Namun apabila berbicara dalam konteks rumah tangga, maka hal ini akan menjadi masalah yang berat. Secara khusus hal ini diatur pada pasal 7 Undang-Undang No.23 Tahun 2004 tentang Kekerasan Dalam Rumah Tangga (KDRT) yang berbunyi perbuatan yang mengakibatkan ketakutan, hilangnya rasa percaya diri, hilangnya kemampuan  untuk bertindak, rasa tidak berdaya, dan atau penderitaan psikis berat pada seseorang. Diluar itu, karena banyaknya hal-hal yang menjadi pertimbangan seperti masalah anak, harta gono-gini, dan juga keluarga besar, maka escape plan nya pun akan jauh lebih rumit. Sangat disarankan untuk berkonsultasi dengan profesional di bidangnya. Kenapa? Karena korban dari mental abuse secara profil menunjukkan kalau mereka kesulitan dalam menilai, bertindak, dan mengambil keputusan.

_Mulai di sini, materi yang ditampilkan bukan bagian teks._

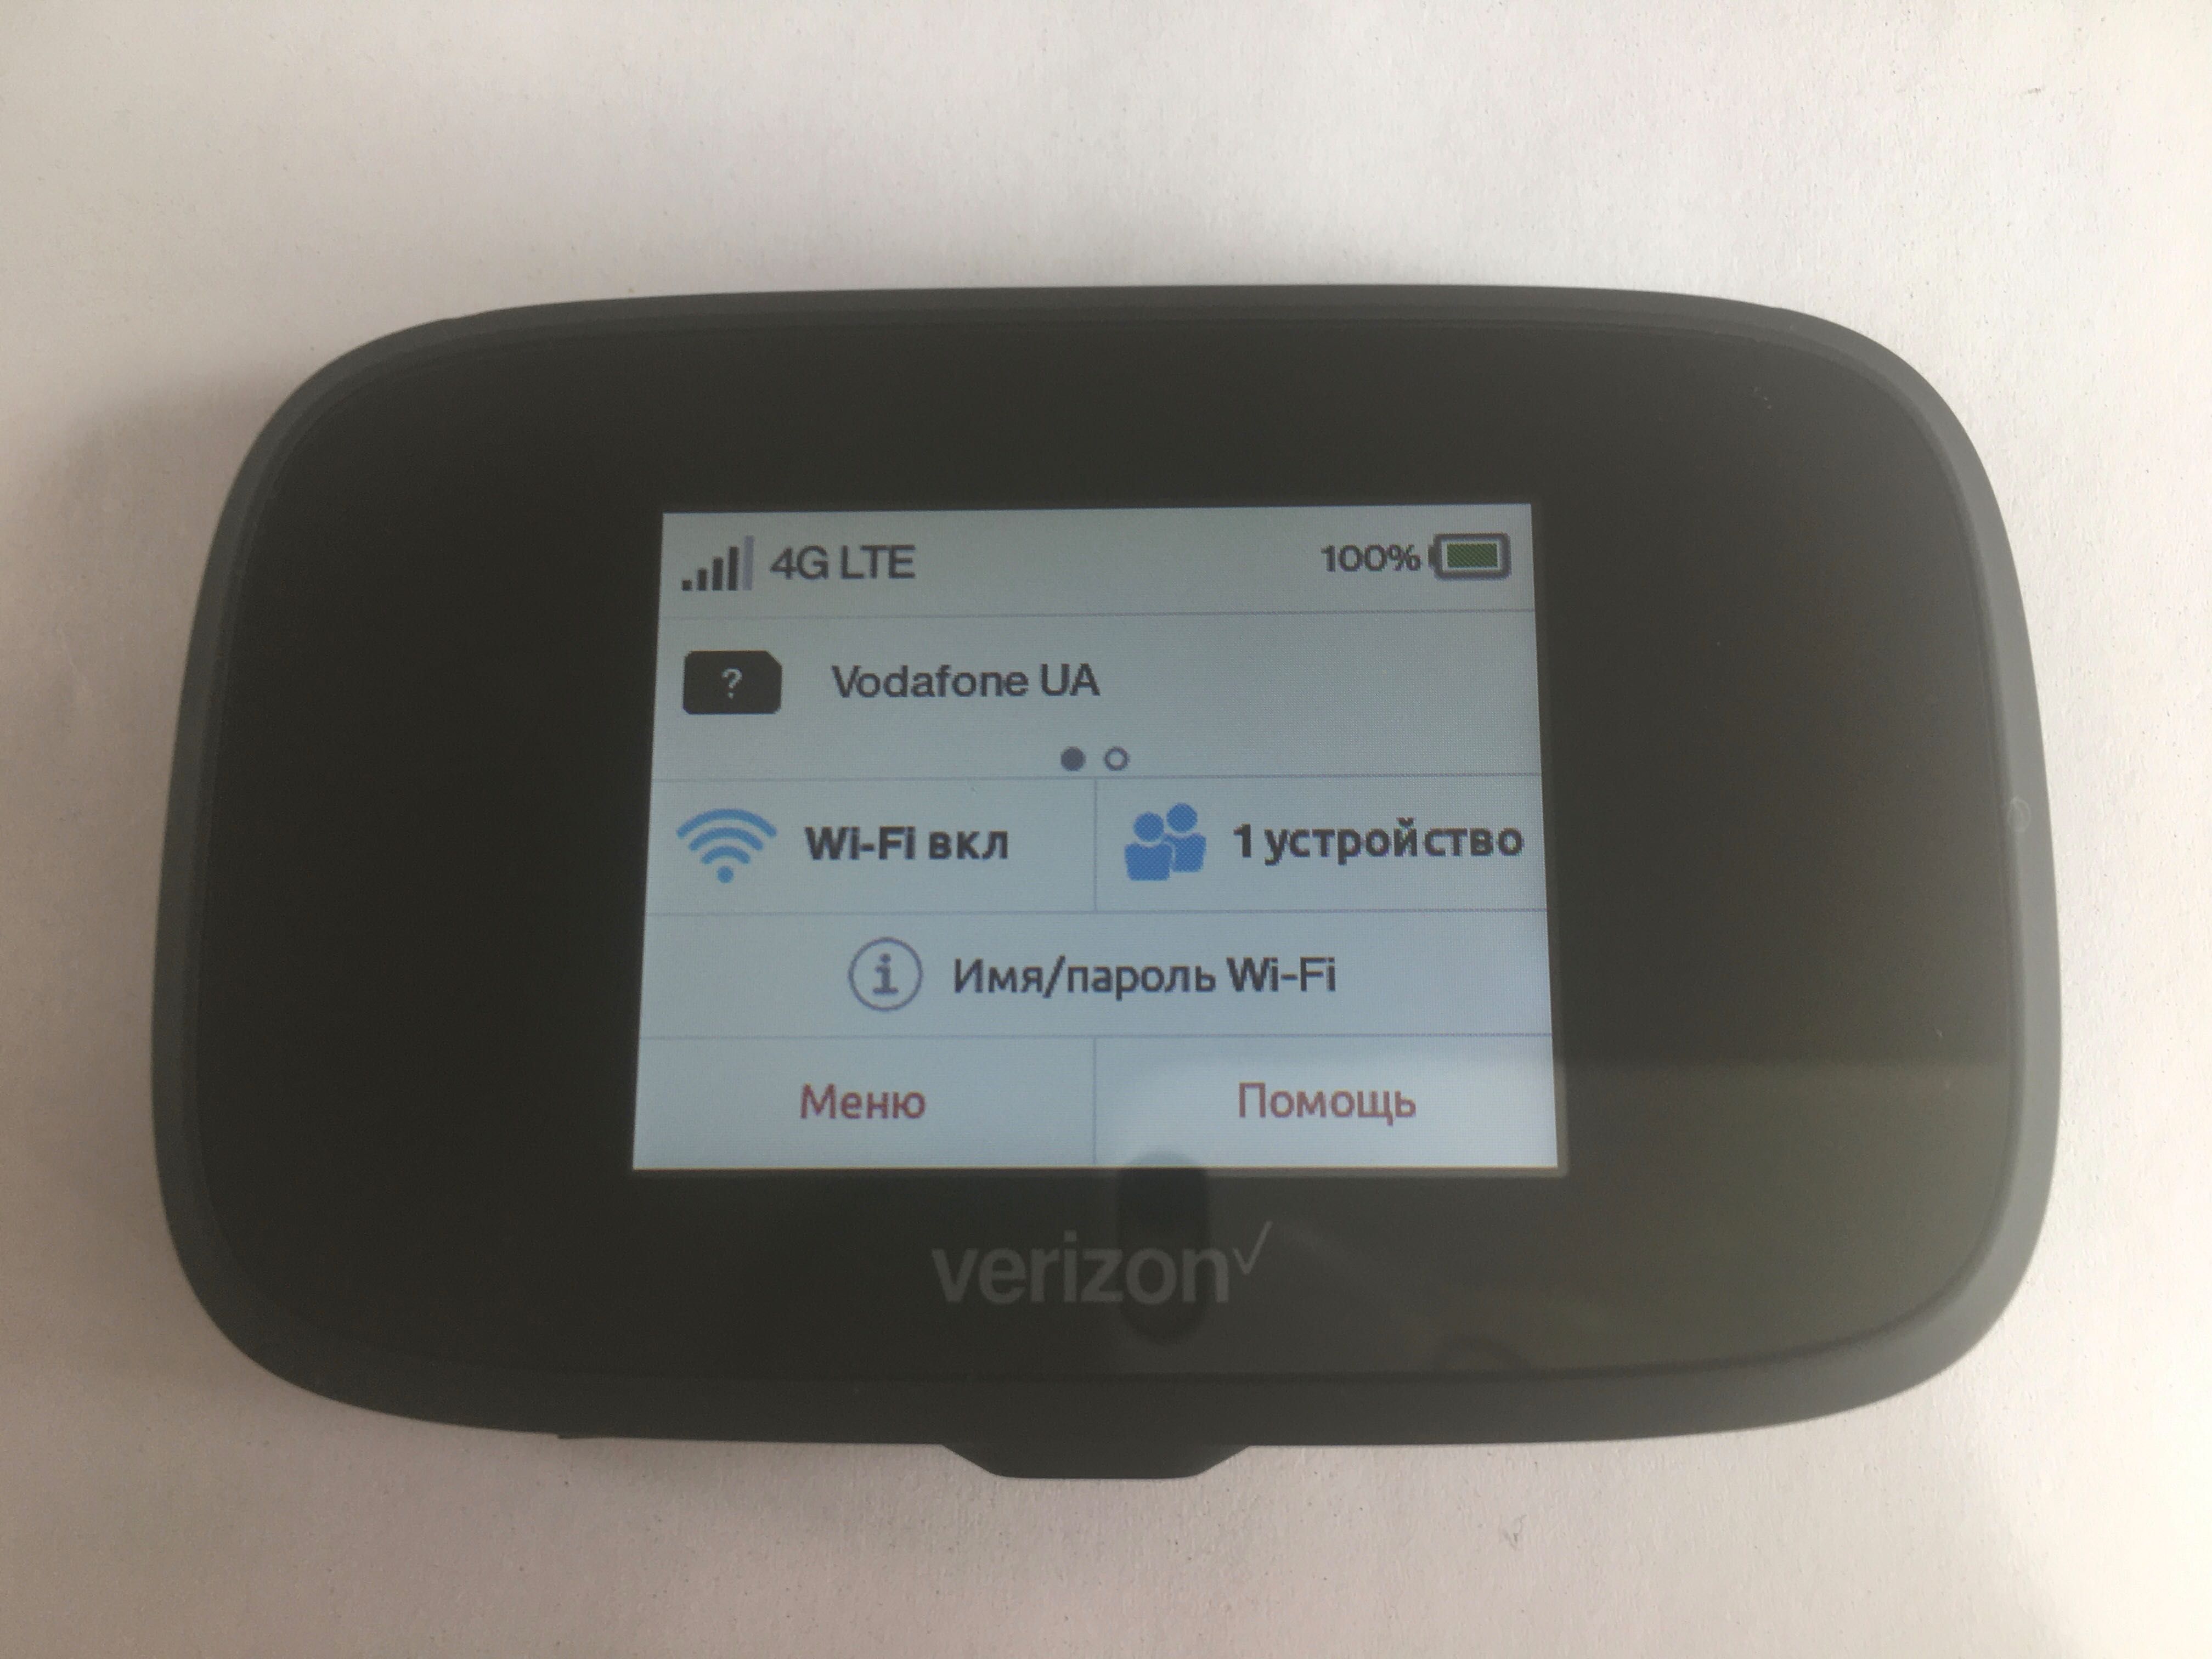 4G LTE WI-Fi роутер под все сим карты меню на украинском и русском
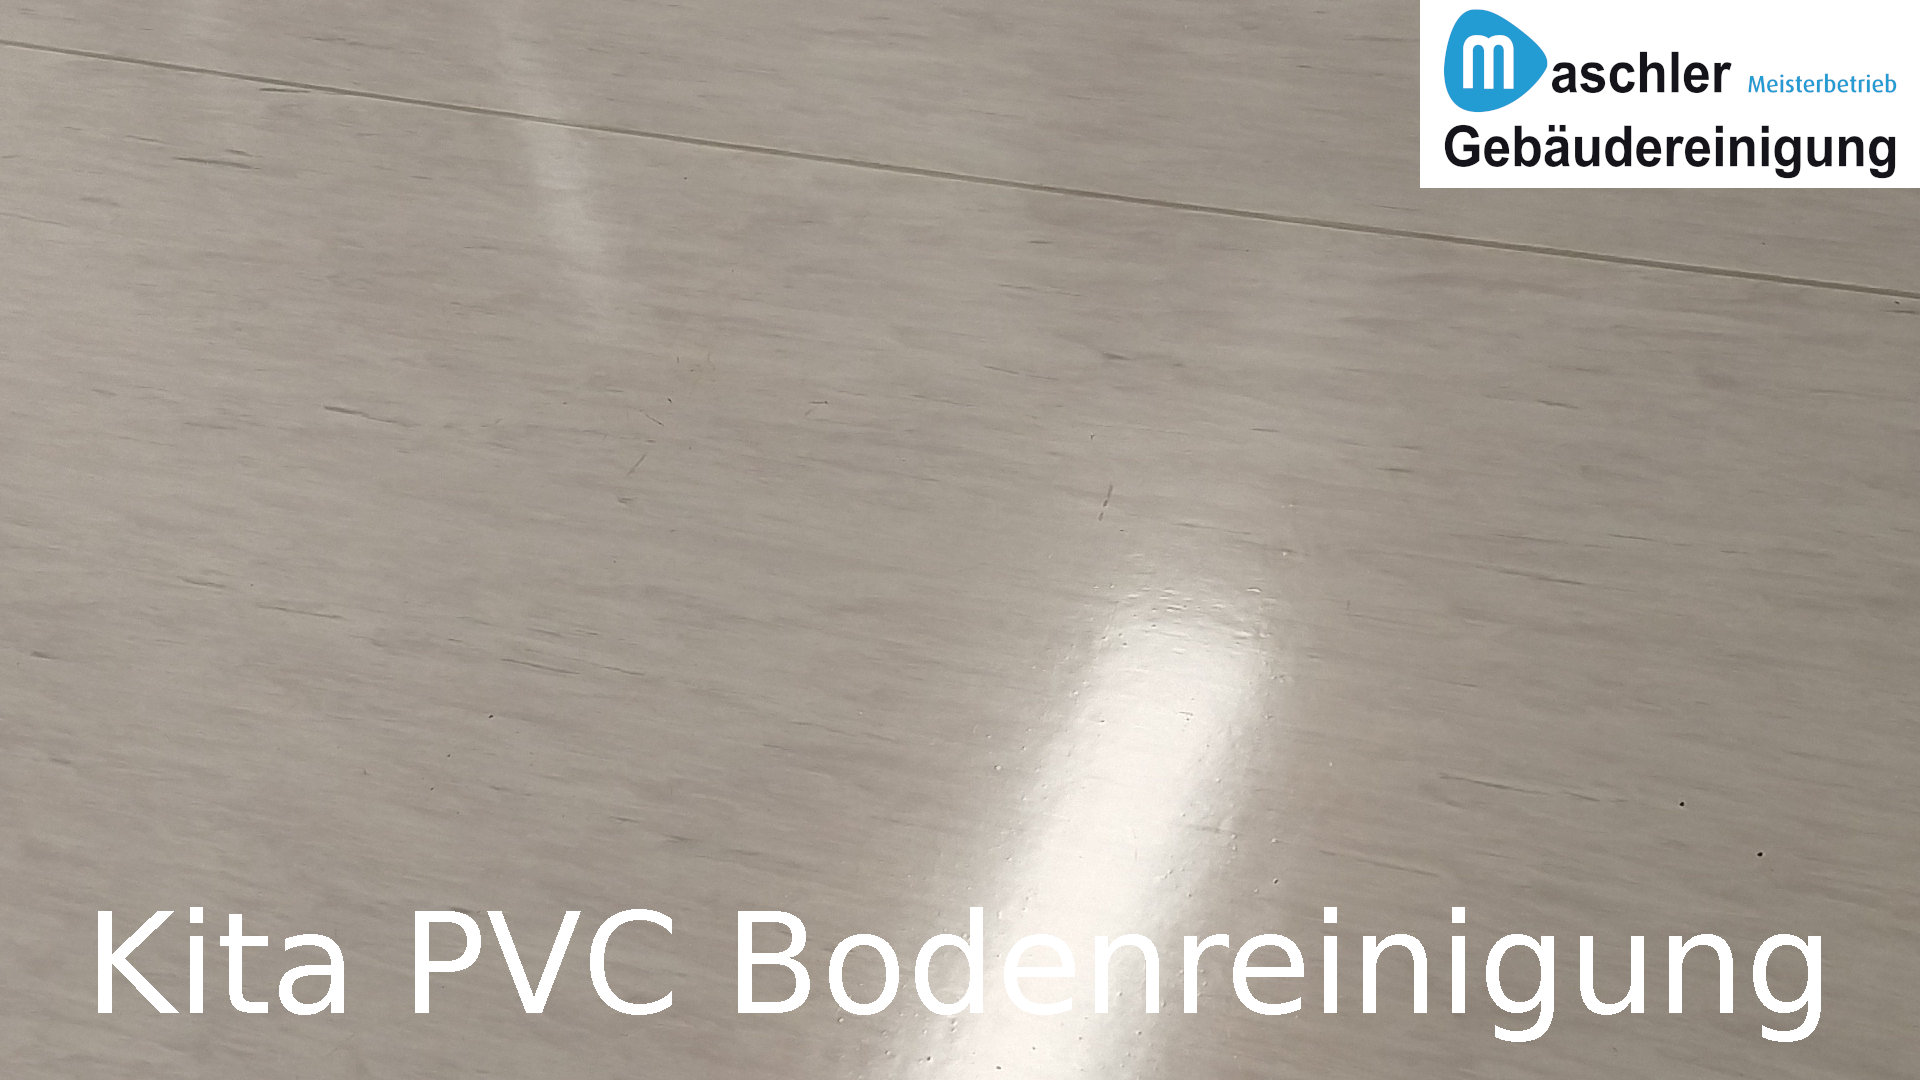 Kindergarten PVC Bodenreinigung - Gebäudereinigung Maschler Schwerin

Seperti luka tapi tidak berdarah, menyakitkan namun tidak terlihat. Mungkin karena hal-hal seperti inilah lagu sakit gigi yang dibawakan oleh Meggy Z. bisa tercipta. Bait lagu yang berbunyi “Dari pada sakit hati, lebih baik sakit gigi ini” menggambarkan kalau luka fisik bisa diobati, tapi tidak mudah dengan luka hati.

Sebelum membantu orang lain, alangkah baiknya kita cek dulu hubungan kita dengan pasangan. Kalau sekiranya ada  gejala-gejala ke arah hubungan yang abusive dan mengarah kepada mental abusive, mari perbaiki bersama sebelum terlambat.